Pseudoscardovia radai

Scientific classification
- Domain: Bacteria
- Kingdom: Bacillati
- Phylum: Actinomycetota
- Class: Actinomycetes
- Order: Bifidobacteriales
- Family: Bifidobacteriaceae
- Genus: Pseudoscardovia
- Species: P. radai
- Binomial name: Pseudoscardovia radai Killer et al., 2014

= Pseudoscardovia radai =

- Genus: Pseudoscardovia
- Species: radai
- Authority: Killer et al., 2014

Species of bacterium

Pseudoscardovia radai is a species of Gram-positive, anaerobic, non-motile bacteria in the family Bifidobacteriaceae. It was first described in 2014 following isolation from the gastrointestinal tract of a wild boar (Sus scrofa scrofa) in the Czech Republic.

== Taxonomy ==
Pseudoscardovia radai was named and classified as part of a follow-up to the 2013 description of Pseudoscardovia suis. It shares many phenotypic traits with P. suis, but differs in specific fermentation and genomic properties.
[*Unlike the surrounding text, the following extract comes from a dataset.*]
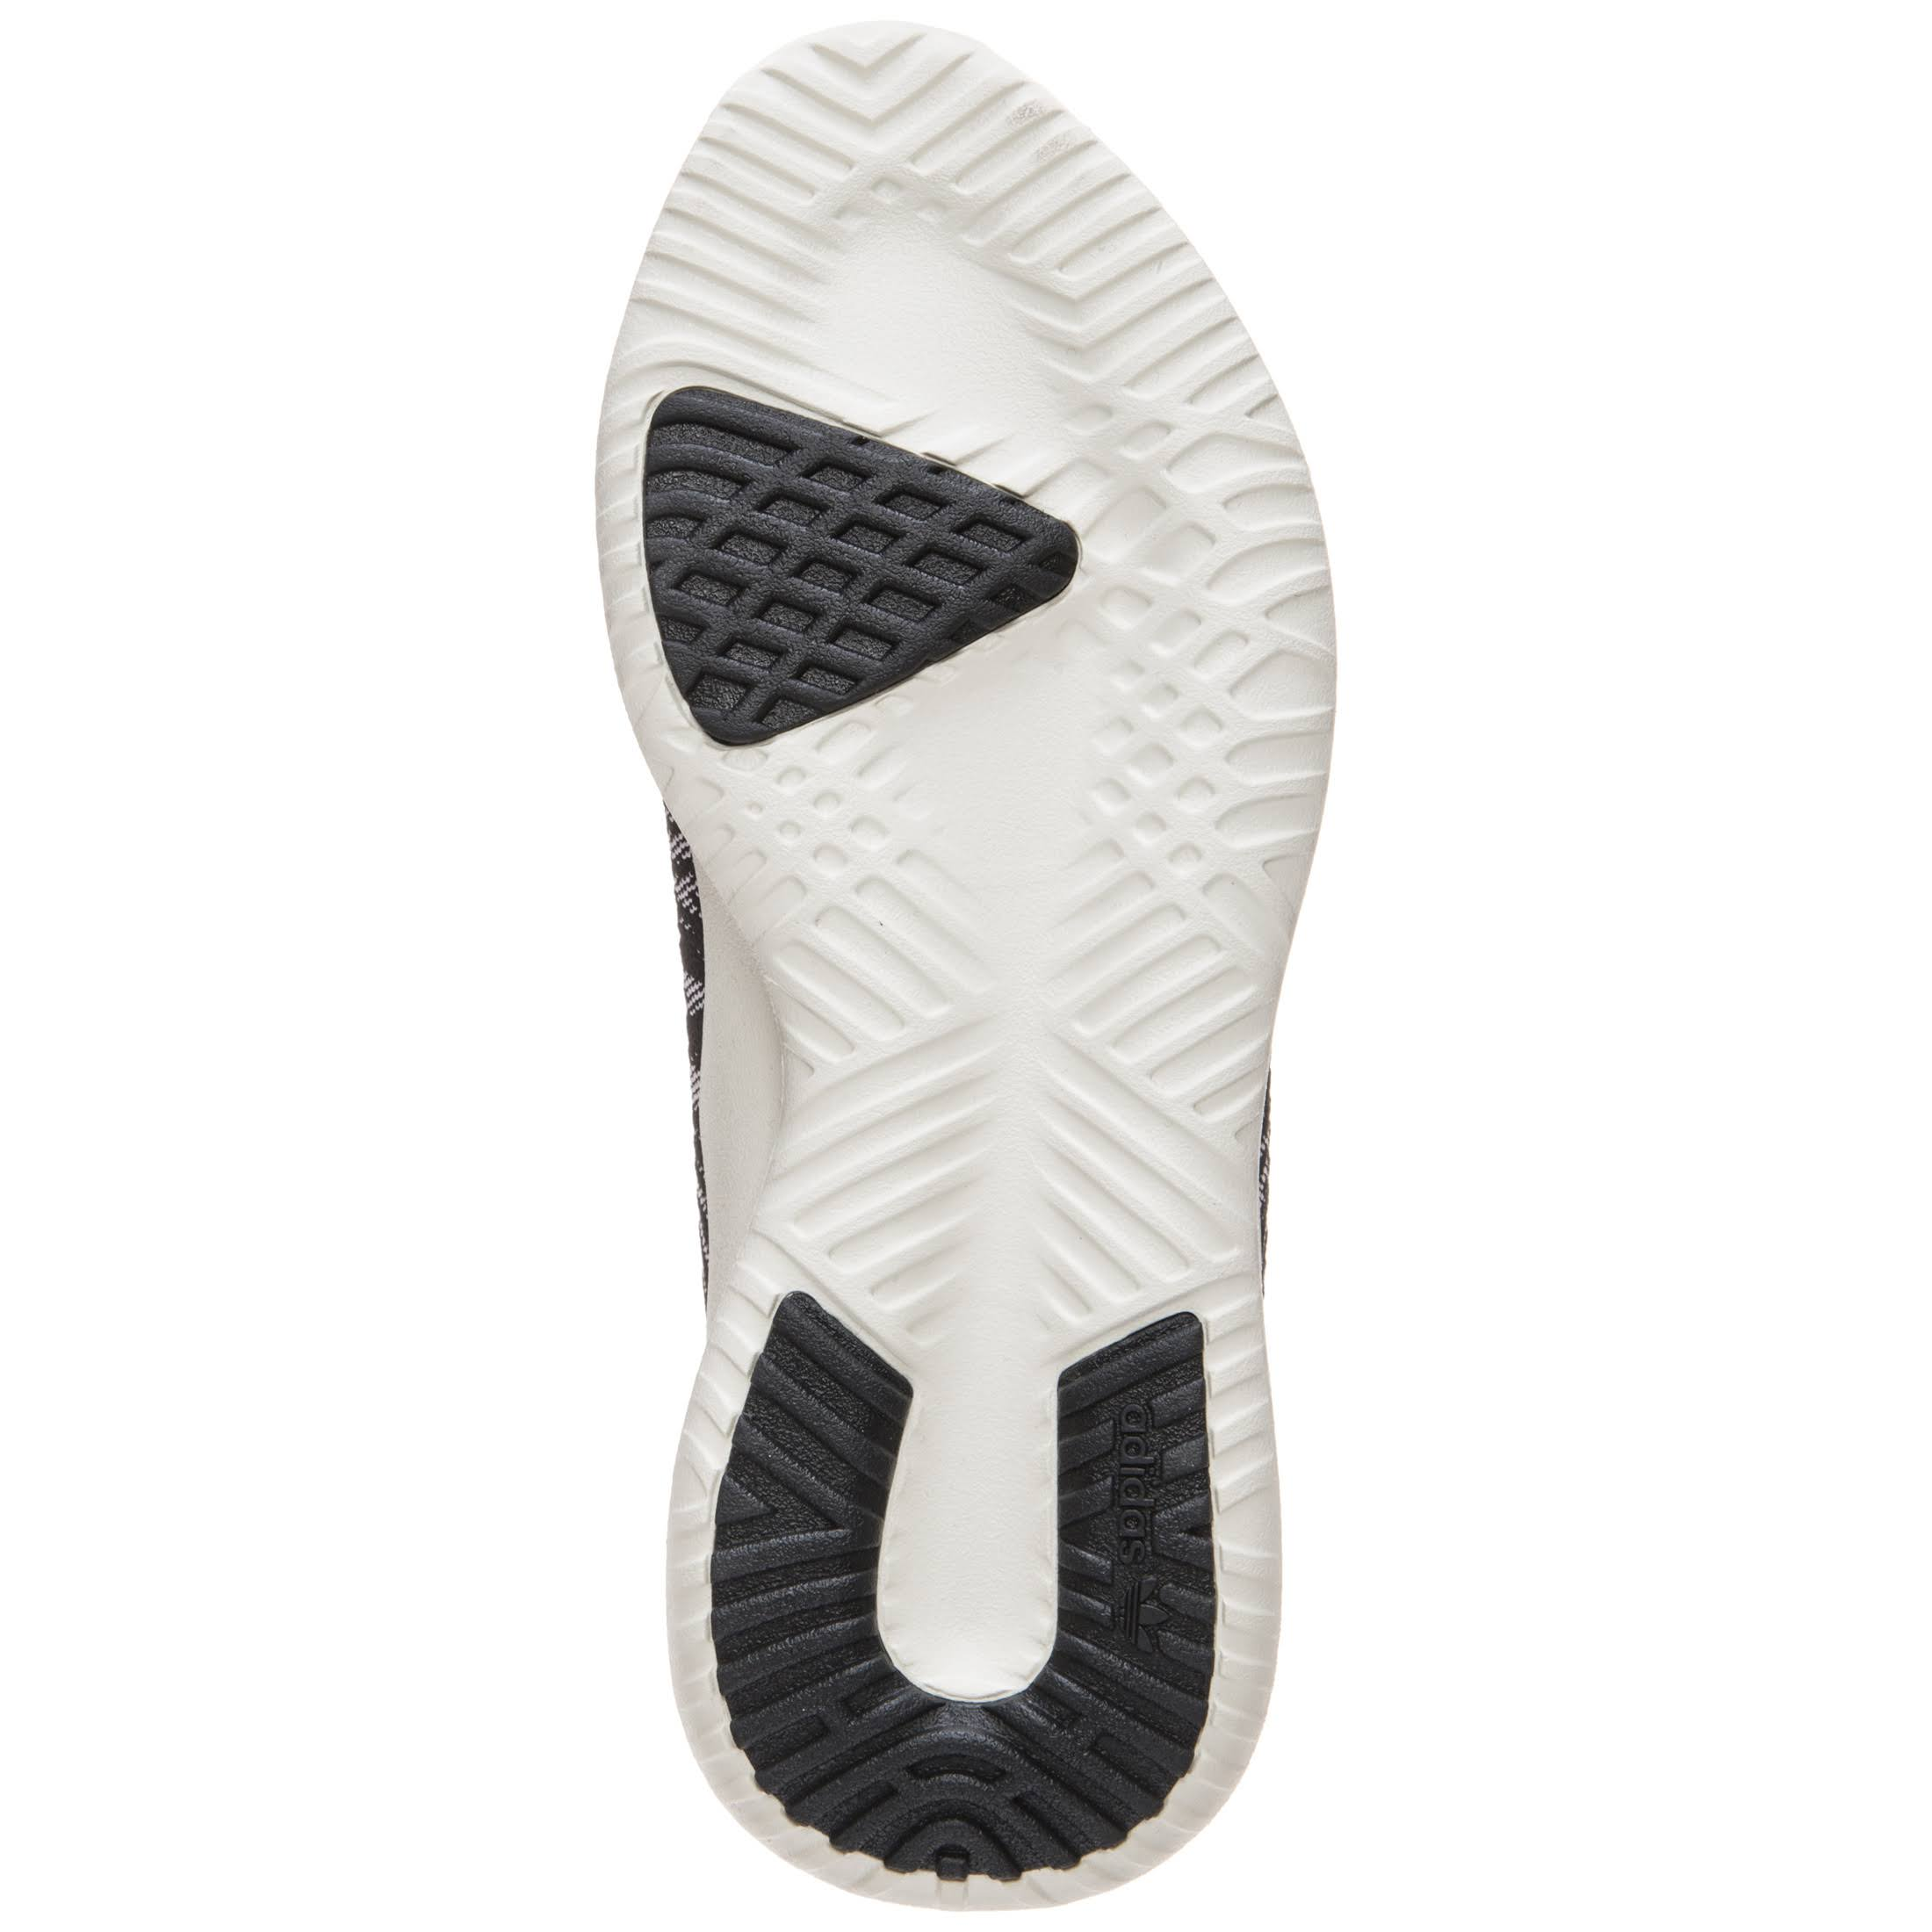 core Off White Adidas Tubular Schwarz Shadow Aero weiß W Pink Black qtpCp6x4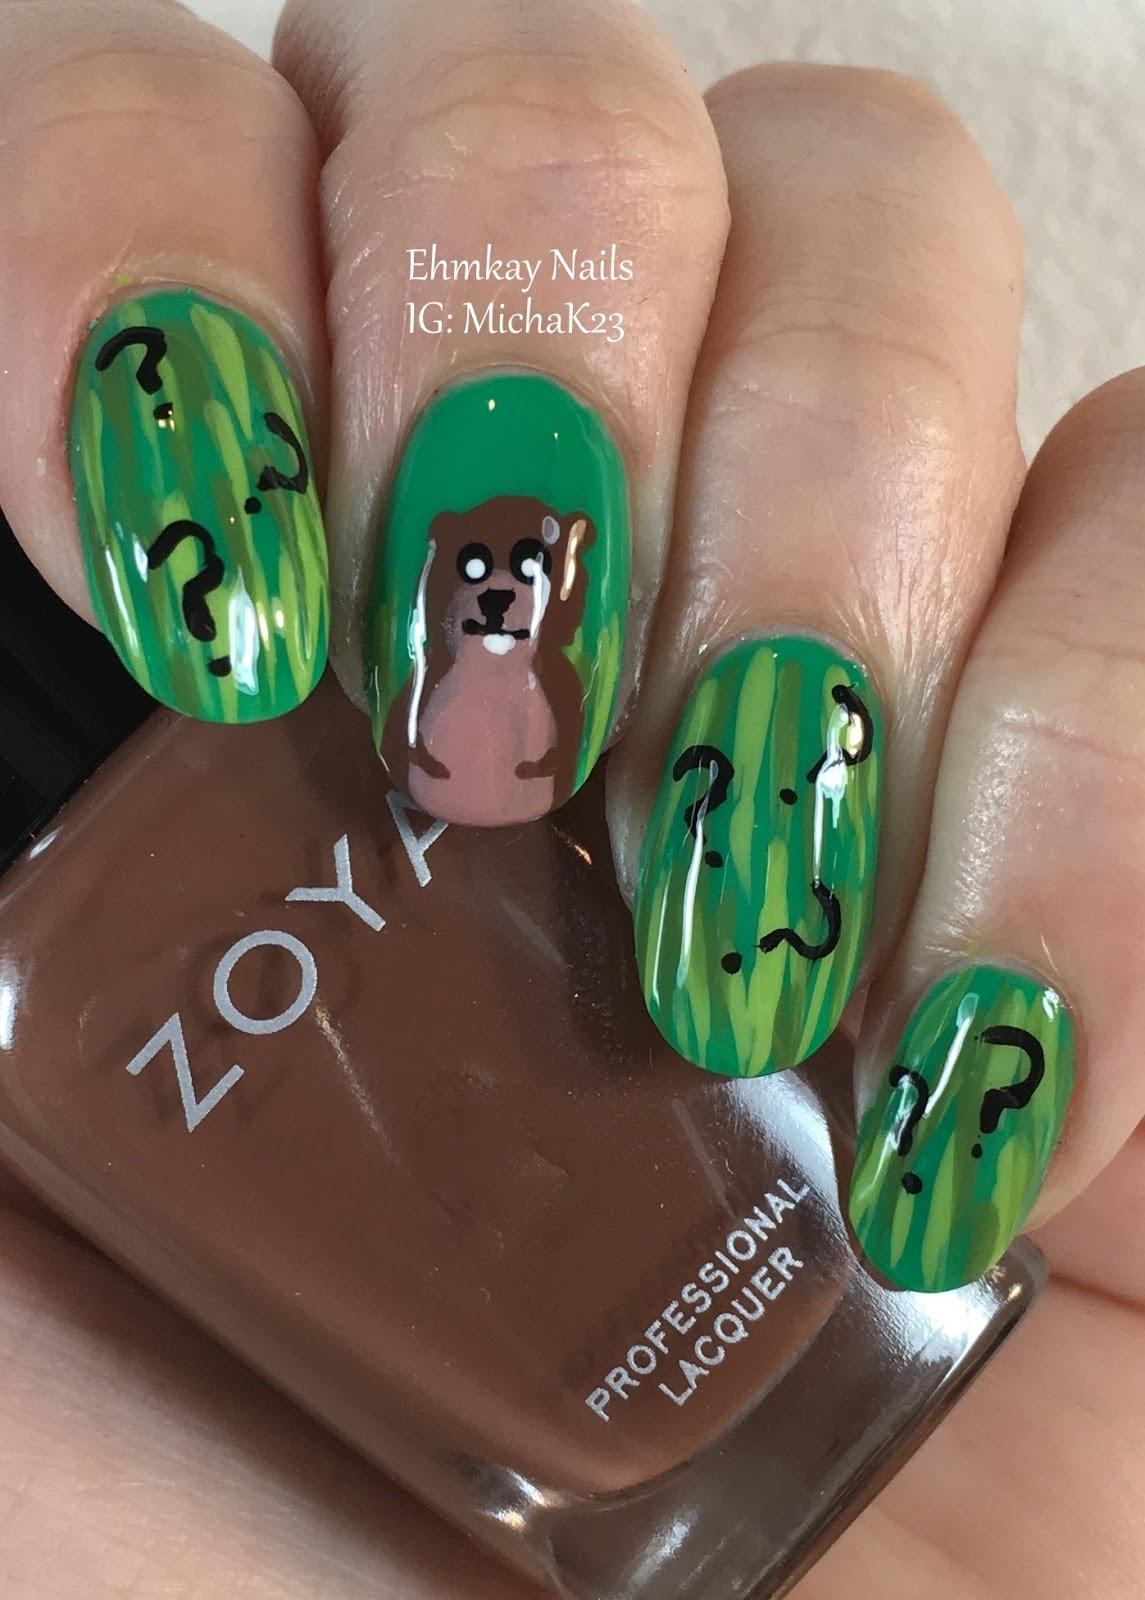 Ehmkay Nails New Year S Eve Nail Art With Kbshimmer Bling: Ehmkay Nails: Punxsutawney Phil Groundhog Day Nail Art

== Morphology and physiology ==
Pseudoscardovia radai is a strictly anaerobic, rod-shaped, Gram-positive bacterium. It ferments carbohydrates and produces lactic acid as the major metabolic end product. Colonies are similar in appearance to those of P. suis but can be distinguished biochemically.

== Ecology ==
Pseudoscardovia radai was originally recovered from the gut of a wild boar. A metagenomic study found that Pseudoscardovia species, including P. radai, were more abundant in pigs raised outdoors compared to those raised indoors, indicating a link to natural or pasture-based environments.

== Type strain ==
The type strain of Pseudoscardovia radai is DPVI-TET3 (= DSM 24742 = CCM 7943).